France teacher's killer had 'contact' with extremist in Syria

By AFP

A French police officer stands next to a portrait of French teacher Samuel Paty on display on the facade of the Opera Comedie in Montpellier on October 21st, during a national homage to the teacher who was beheaded for showing cartoons of the Prophet Mohammed in his civics class. [Pascal Guyot/AFP]

A French police officer stands next to a portrait of French teacher Samuel Paty on display on the facade of the Opera Comedie in Montpellier on October 21st, during a national homage to the teacher who was beheaded for showing cartoons of the Prophet Mohammed in his civics class. [Pascal Guyot/AFP]

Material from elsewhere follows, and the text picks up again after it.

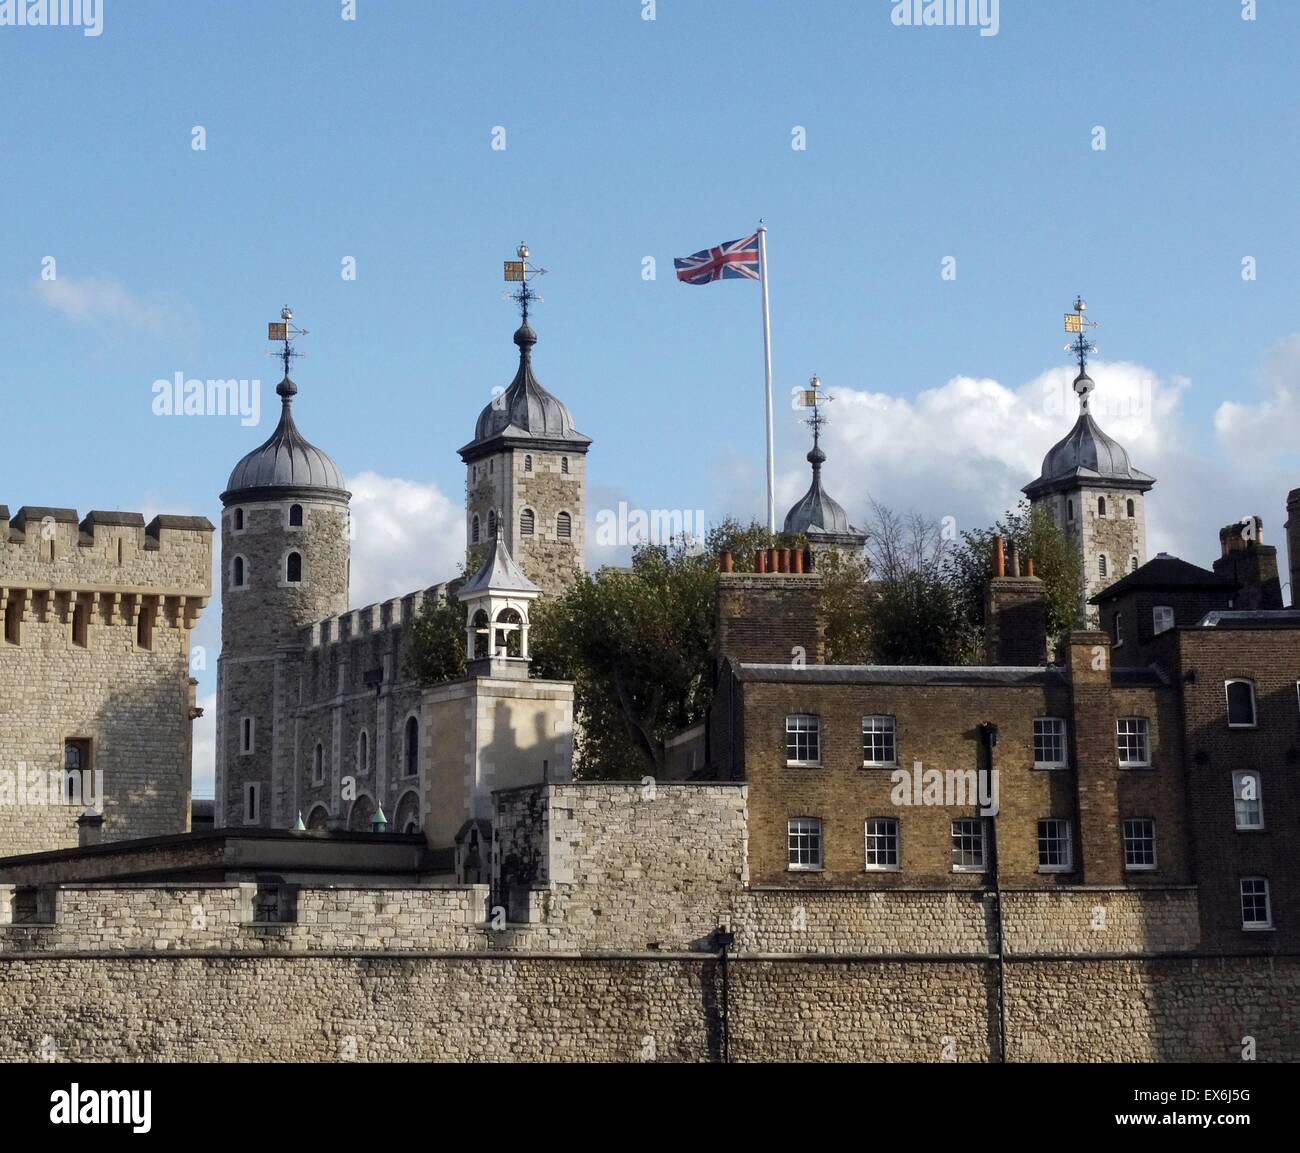 Fotografia a colori della Torre di Londra, un castello storico situato sulla riva nord del fiume Tamigi nel centro di Londra. La costruzione iniziò nel XI secolo. Datata 2014 Foto Stock

The investigation into the murder in France of a teacher for showing cartoons of the Prophet Mohammed in class turned to Syria on Thursday (October 22nd), where the killer had an extremist contact, a source close to the case said.

Seven people have been charged with being complicit in a "terrorist murder" after 18-year-old Chechen Abdullakh Anzorov killed Samuel Paty on Friday, including two teenagers who helped him identify the teacher.

France paid homage to Paty on Wednesday, with President Emmanuel Macron saying that the history and geography teacher had been slain by "cowards" for representing the secular, democratic values of the French Republic.

In their search for accomplices, anti-terror investigators have now established that Anzorov had contact with a Russian-speaking extremist in Syria whose identity is not yet known, the source told AFP.

Le Parisien newspaper reported on Thursday that Anzorov's suspected contact had been located through an IP address traced back to Idlib, an extremist holdout in north-western Syria.

In an audio message in Russian immediately after the killing, translated by AFP, Anzorov referenced the Qur'an and the "Islamic State of Iraq and Syria" several times.

The message was published on social media in a video, accompanied by two tweets, one showing the victim's severed head and another in which Anzorov confessed to the murder.

Moments later he was shot dead by police.

Anzorov decapitated Paty with a long knife. Many of Paty's students saw the images online before they could be taken down.

The teenagers who pointed out Paty to his killer in return for money were late Wednesday charged over the killing.

The parent of one of Paty's pupils, who started the social media campaign against the teacher even though his daughter was not in class when the cartoons were shown, was also charged.

More than 50 organisations to be dissolved

Also charged was a known Islamist radical who helped the father stir up outrage against Paty.

The other three facing prosecution are friends of Anzorov, one of whom allegedly drove him to the scene of the crime while another accompanied him to purchase a weapon.

Two of them also face charges of being complicit in terrorist murder while the third was charged with a lesser offense, the anti-terrorist prosecutor's office said.

Paty, 47, became the target of an online hate campaign over his choice of lesson material -- the same images which unleashed a bloody assault by Islamist gunmen on the offices of satirical magazine Charlie Hebdo in January 2015.

Police have carried out dozens of raids since the crime, while the government has ordered the six-month closure of a mosque outside Paris and dissolved the Sheikh Yassin Collective, a group they said supported Hamas.

The French government has earmarked for dissolution more than 50 other organisations it accuses of having links to radical Islam.

Paty's beheading was the second knife attack in the name of avenging the Prophet Mohammed since a trial of alleged accomplices in the Charlie Hebdo attack started last month.